With pictures left out, return only the lines from the line containing "(Photo by Seth" through the end of the material below, both included.

- - -

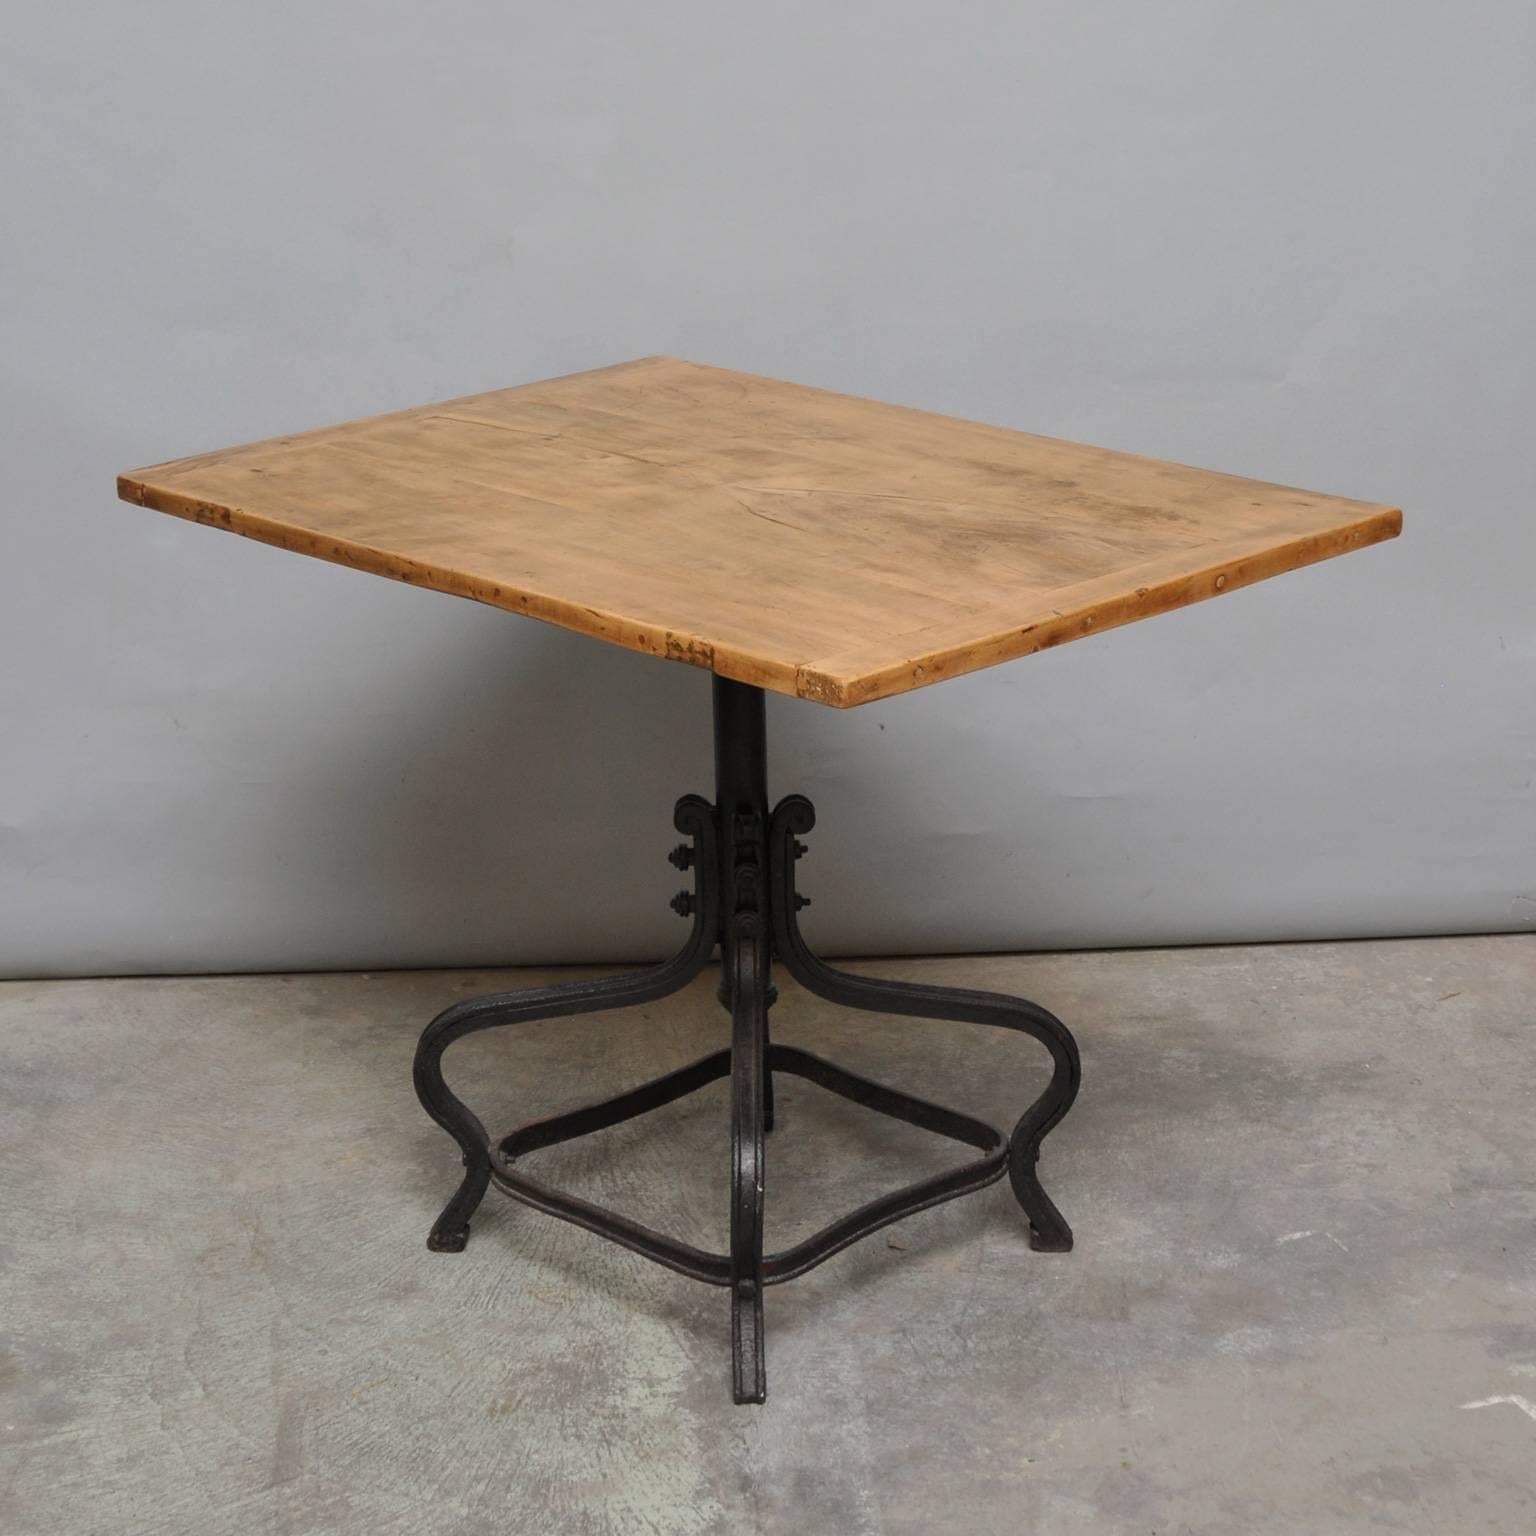 Small table on a cast iron foot with nice decoration. The table was produced in the 1920s.
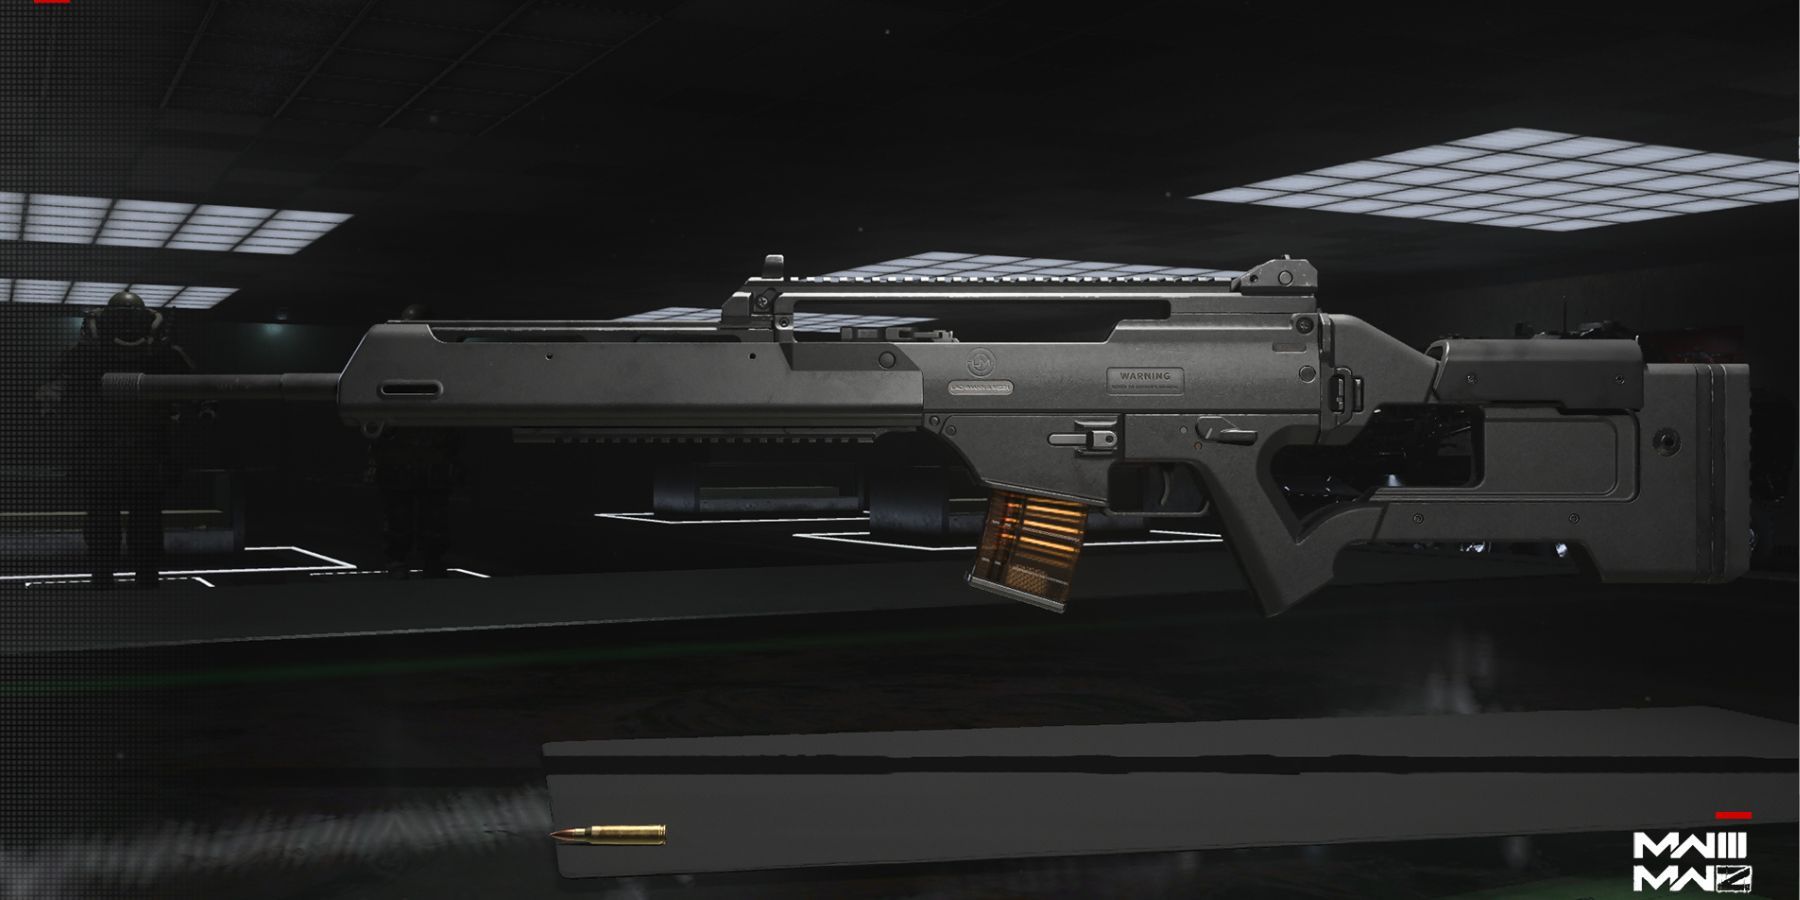 the new marksman rifle in mw3 called dm56.
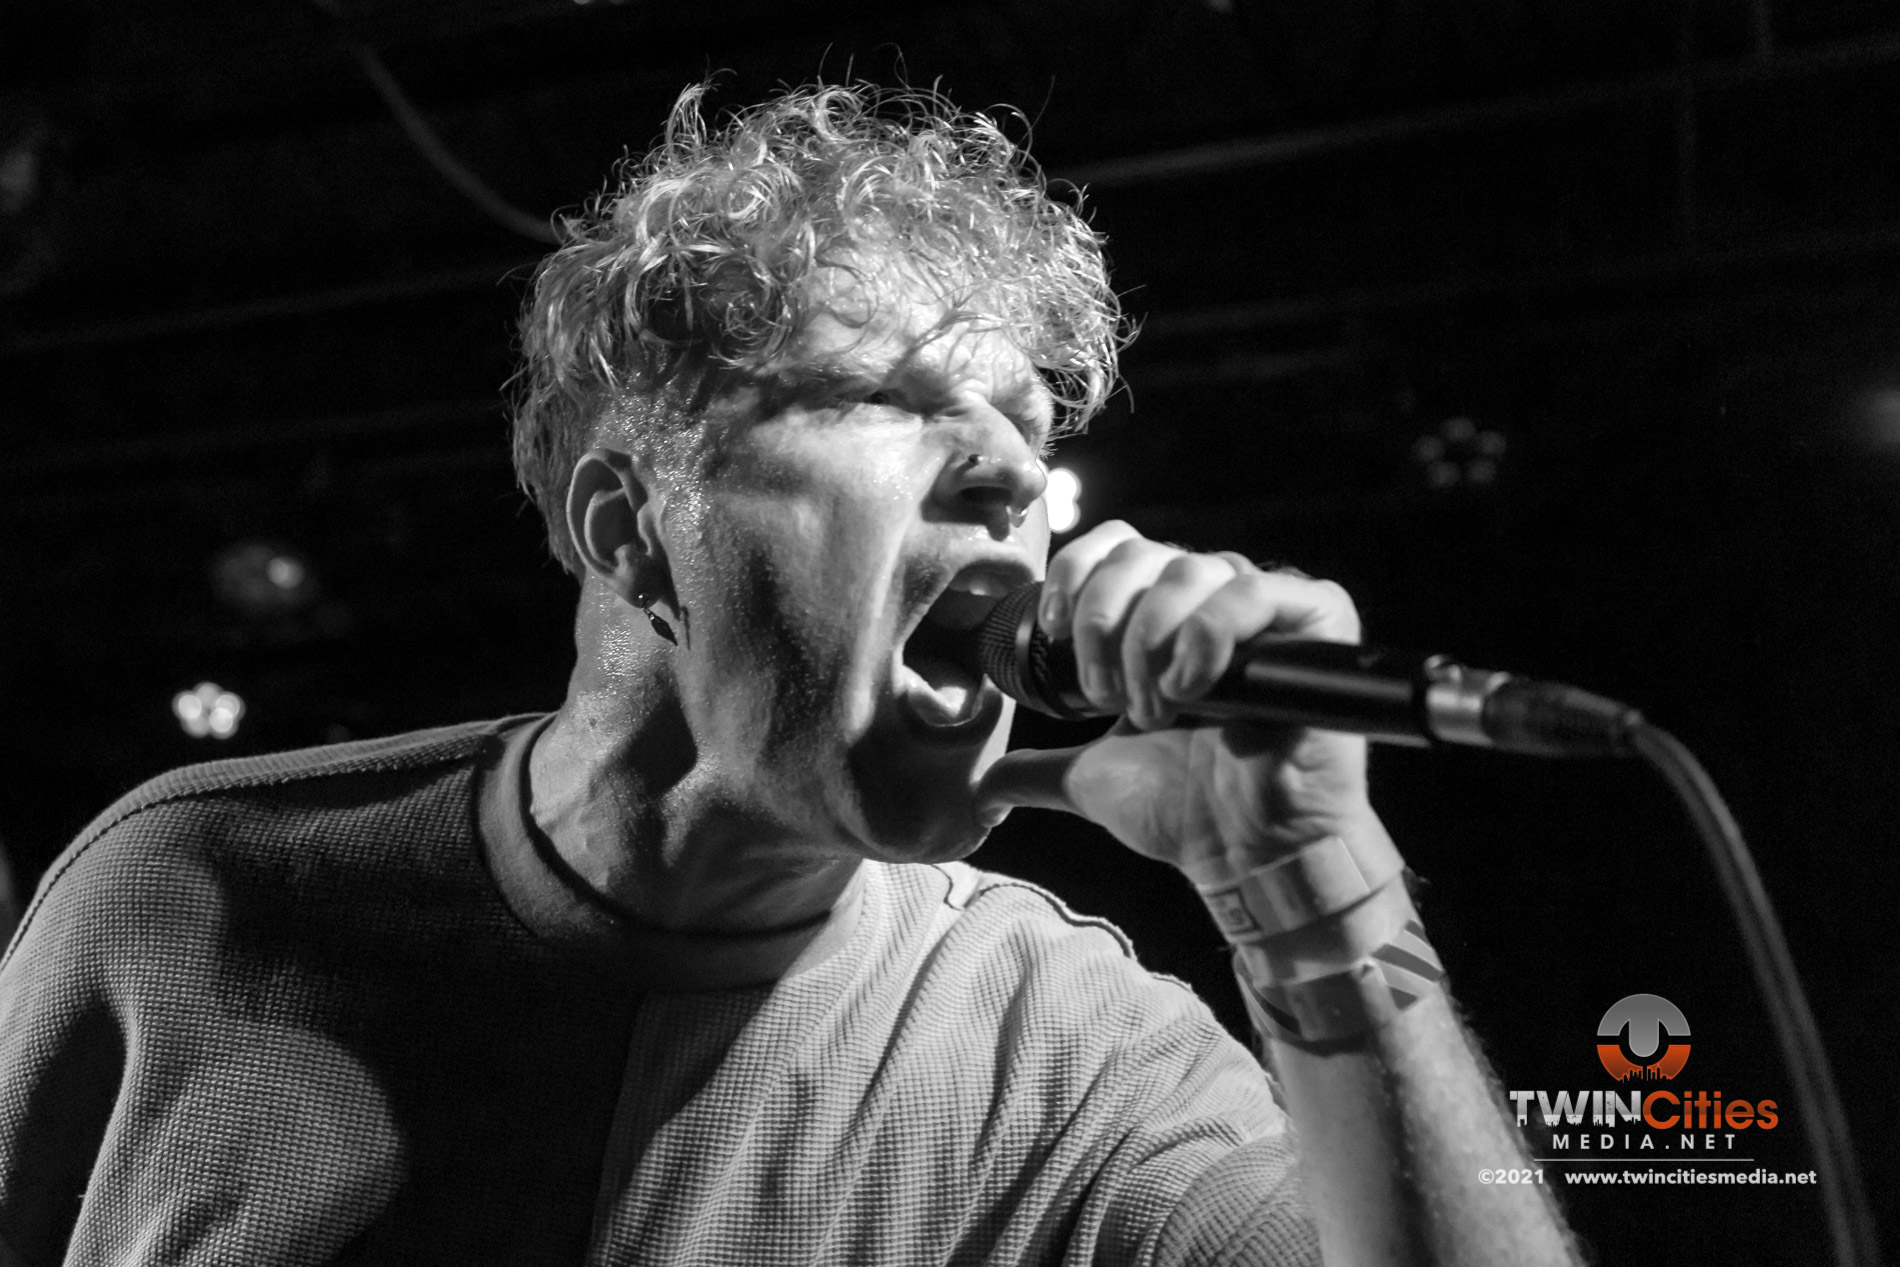 August 5, 2021 - Minneapolis, Minnesota, United States - Careful Gaze live in concert at 7th Street Entry  opening for Coyote Kid.

(Photo by Seth Steffenhagen/Steffenhagen Photography)
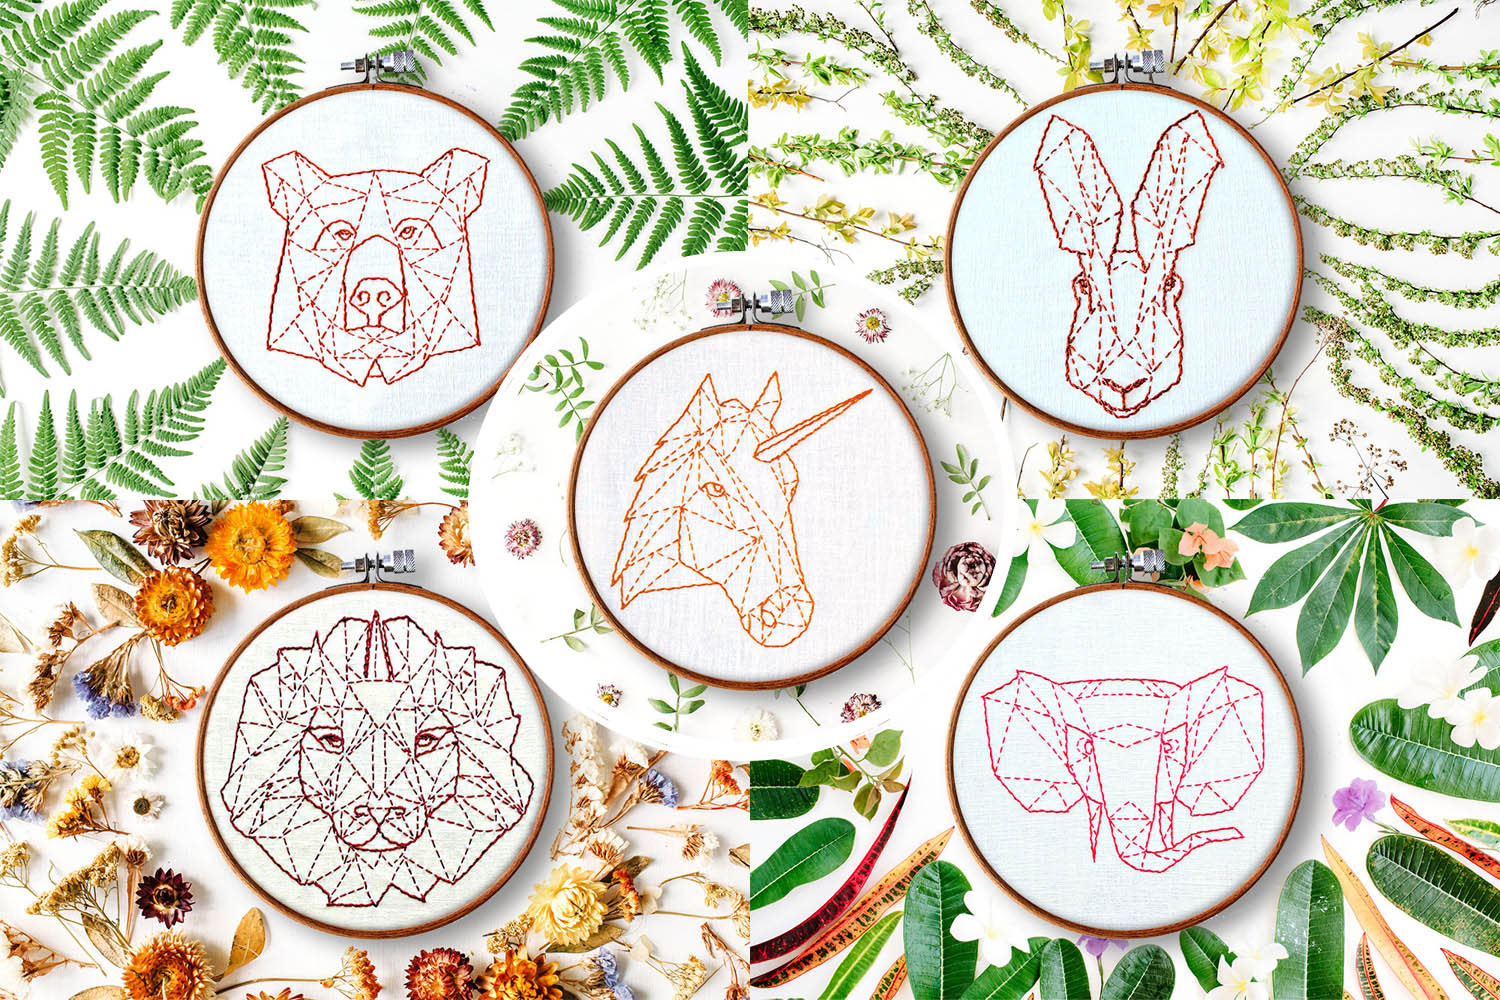 Hand Embroidery Pattern Modern Hand Embroidery Patterns Geometric Animals Beginner Embroidery Embroidery Ideas Contemporary Embroidery Rustic Home Decor

- - -

**Output of the task**
(Photo by Seth Steffenhagen/Steffenhagen Photography)
 Hand Embroidery Pattern Modern Hand Embroidery Patterns Geometric Animals Beginner Embroidery Embroidery Ideas Contemporary Embroidery Rustic Home Decor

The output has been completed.